Наступила очередная весна. Небо было в какой-то паутине, часто болела голова. Плюша начала чувствовать ноги: стали побаливать, покручивать, поламывать.
— Научу тебя ездить на велике, — говорила Натали, — все боли как рукой снимет. Земля вот только немного подсохнет…
Сама она все больше ездила на велосипеде и считала его панацеей от всех болезней.
Алла Леонидовна проводила еженедельные совещания. Говорила о дисциплине, напоминала, что на работу нужно приходить вовремя, а не так, как некоторые. Плюша слушала, рисовала в блокноте квадратики и заштриховывала их.
Вскоре сложилась в музее маленькая группка, с которой Алла Леонидовна пила у себя по пятницам чай с вареньями, которые варила сама. Говорили, вкусно. Плюша в этот круг не входила. Только один раз, на Восьмое марта, попробовала шарлотку, приготовленную директрисой. Дожевала напоминавший резину бисквит, тяжело проглотила и запила газированной водой.
Получила первый выговор.
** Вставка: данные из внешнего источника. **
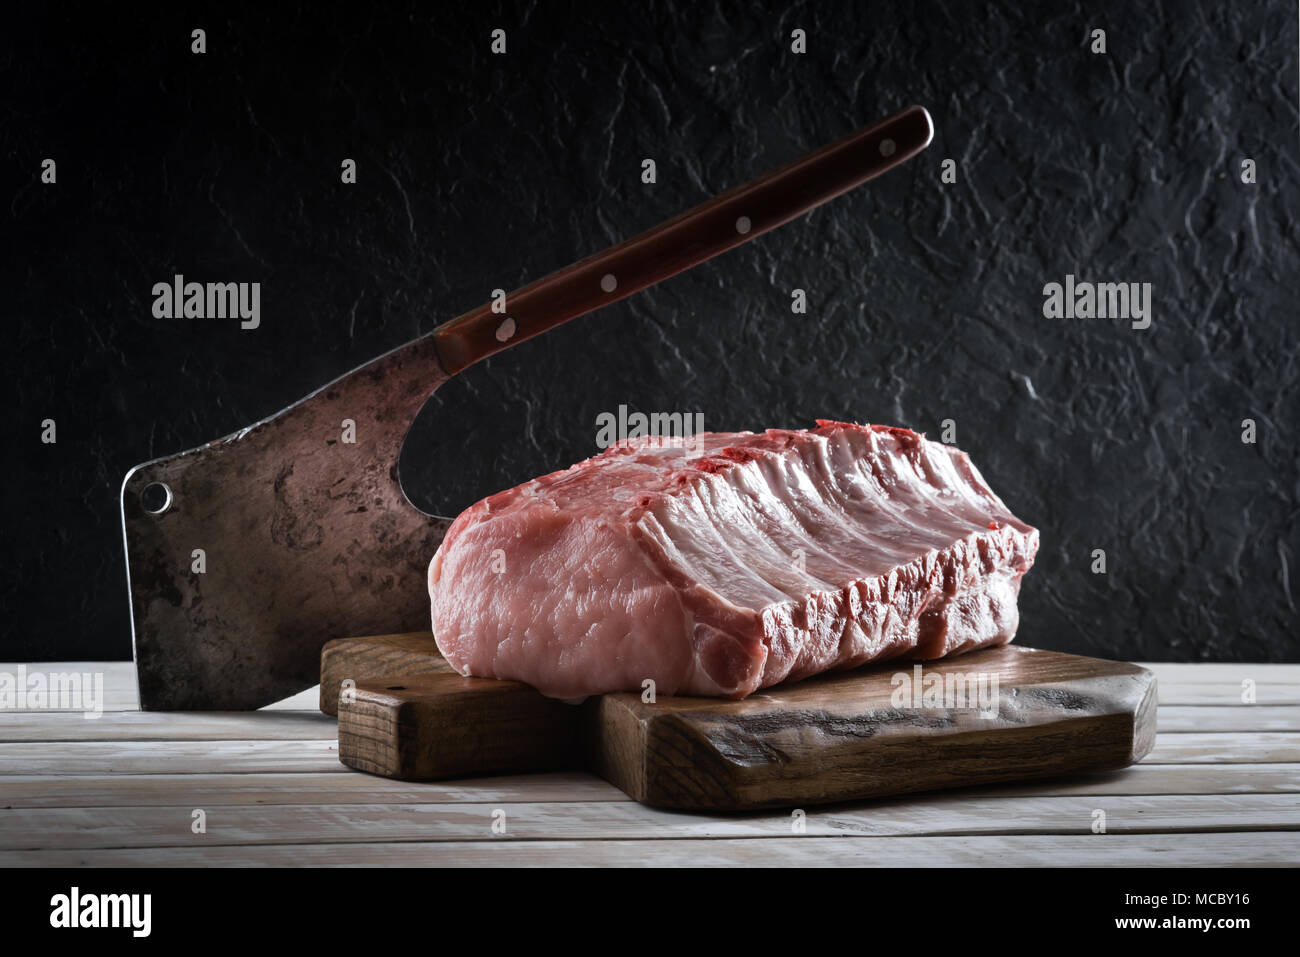 Fresh raw pork piece on wooden board Stock Photo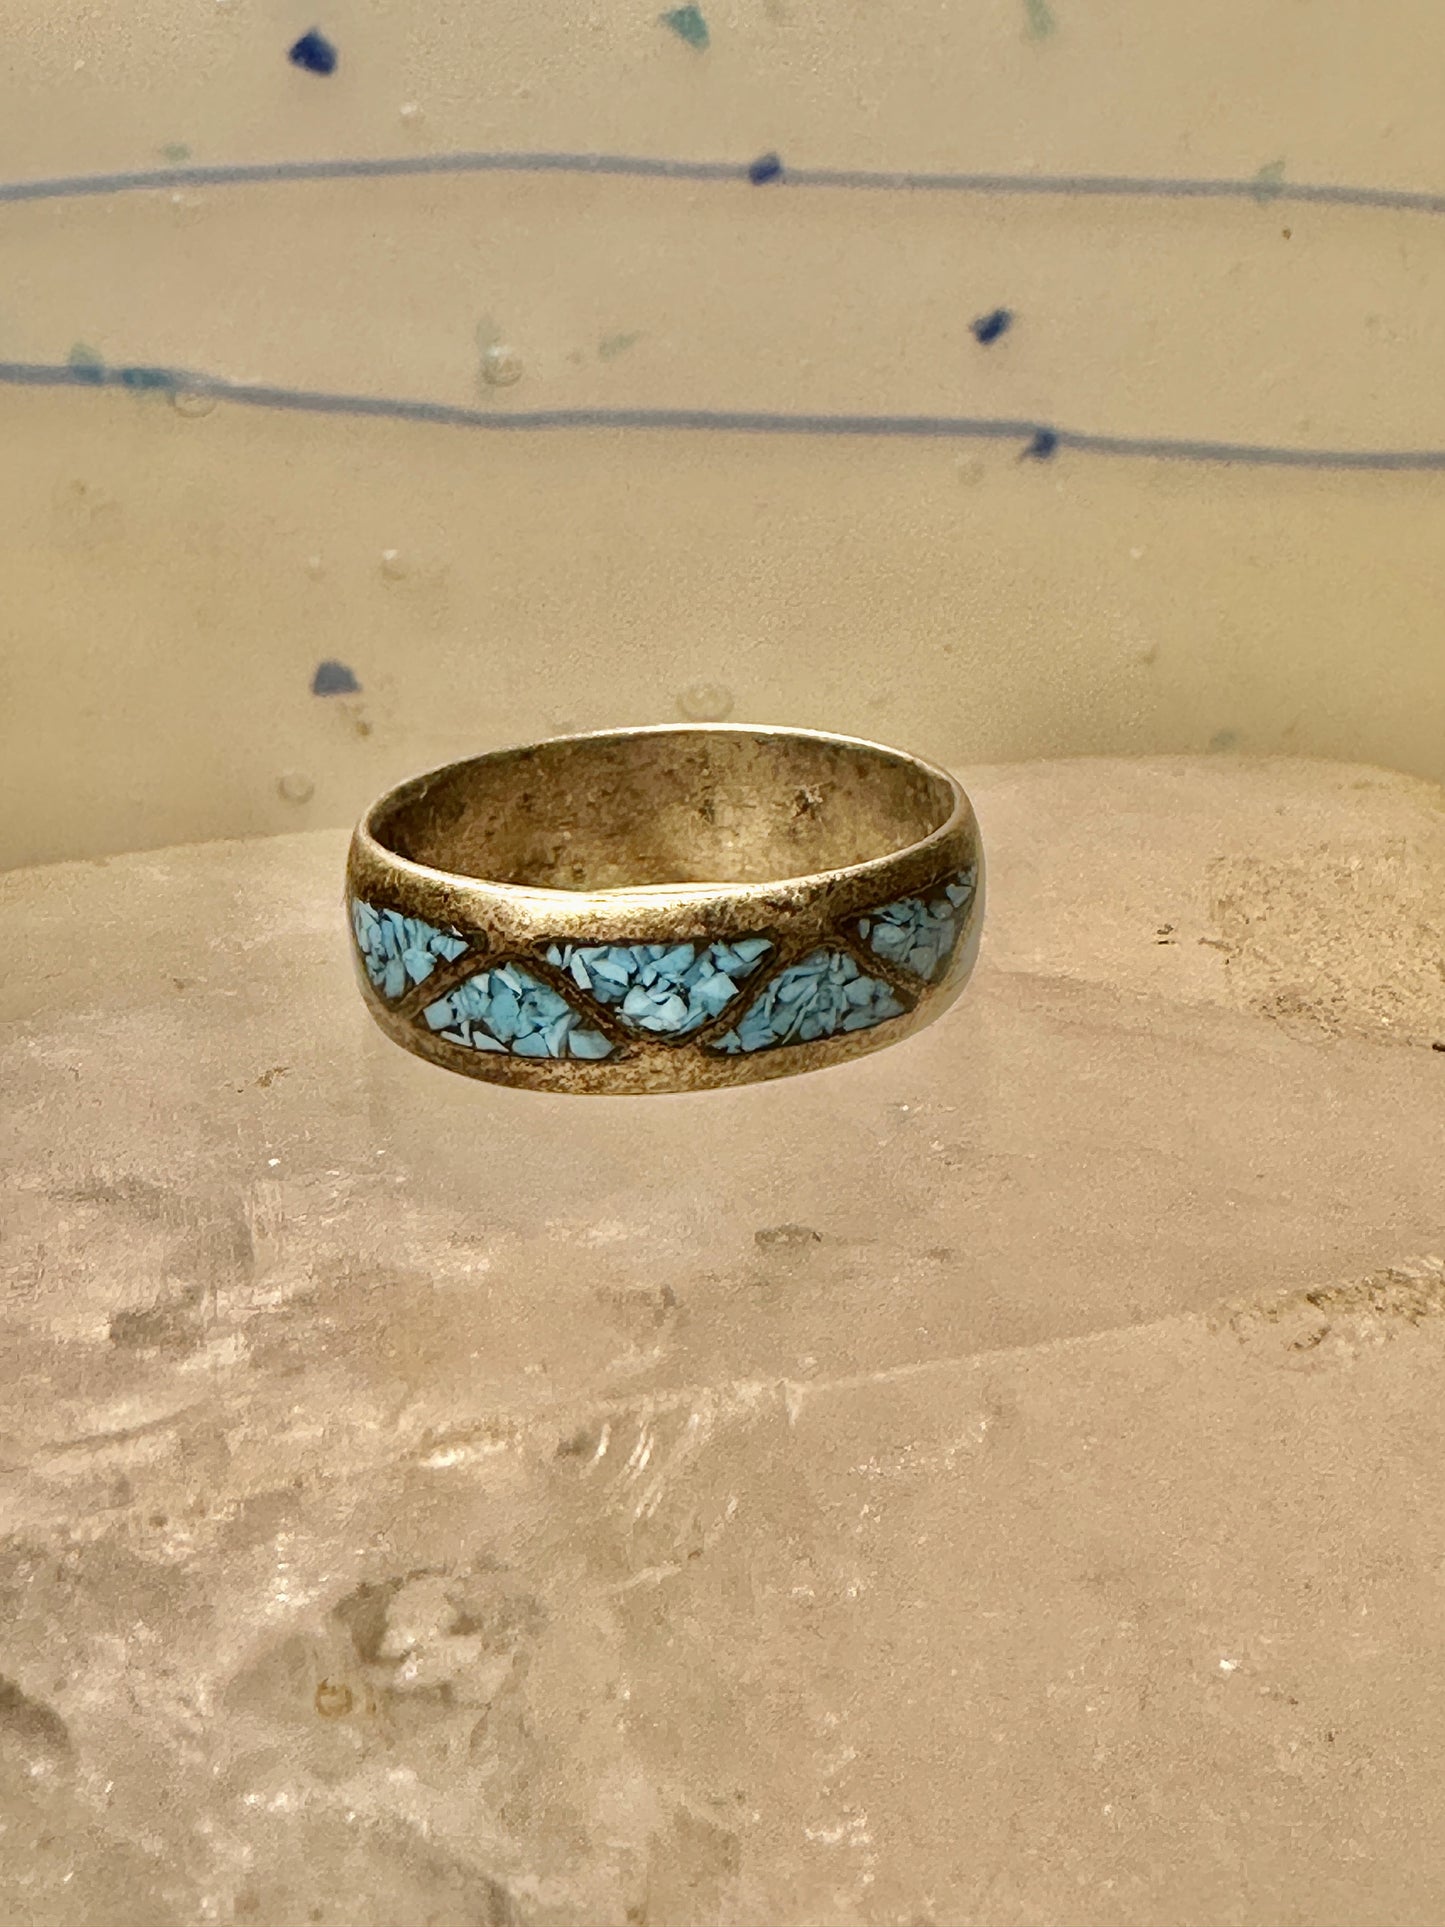 Zuni ring turquoise chips wedding band size 9.50 sterling silver women men

Да, она опаздывала. Но ведь и уходила позже, и в выходной могла прийти, если надо. «Хочешь, съезжу поговорю с ней?» — Натали постукивала по столу. Плюша быстро мотала головой. Нет. Нет. Не надо.
Иногда она ездила к Геворкяну. Он вдруг как-то постарел, но при Плюше старался держаться. Сам варил себе супы, мерил давление, шутил. Плюша плакалась ему на музейные дела, Геворкян пересаживался на диван и слушал. Иногда поглядывал в тихо работавший телевизор, который завел, выйдя на пенсию.
— А знаете, — сказал как-то, — на меня подали в суд… Да, ваша Леонидовна. Обнаружила какие-то финансовые нарушения, в которых я повинен.
Плюша возвращалась через поле: другую дорогу перекопали, меняли трубы. Дул слабый ветер, качались тяжелые соцветия борщевика.
На следующий день она постучала в директорский кабинет. В файлике было заявление об уходе.
Алла Леонидовна отвлеклась от монитора.
— А, Полина… Станиславовна, — неуверенно прибавила отчество. — Заходите. Да, вот этот стул, поближе… Чем порадуем?
Плюша просидела у нее почти час. Ушла с неподписанным заявлением.
— Поймите, милая моя, отчетность есть отчетность, — говорила Алла Леонидовна, провожая ее до двери. — Рано или поздно эти нарушения… А там очень серьезные нарушения, понимаете? И они бы все равно всплыли. И грантовые средства, и деньги попечителей, там такое… Мы просто решили на опережение, чтобы, главное, отвести удар от музея. Ричарду Георгиевичу все равно ничего не будет, он пенсионер, он у нас заслуженный человек с авторитетом… Поэтому давайте не торопиться, Полина Станиславовна… Или можно я вас просто буду называть Плюшей?
Плюша, уже державшаяся за ручку двери, отпустила ее и подняла брови.
— Ведь вас Карл Семенович так называл? — Директриса продолжала глядеть на нее.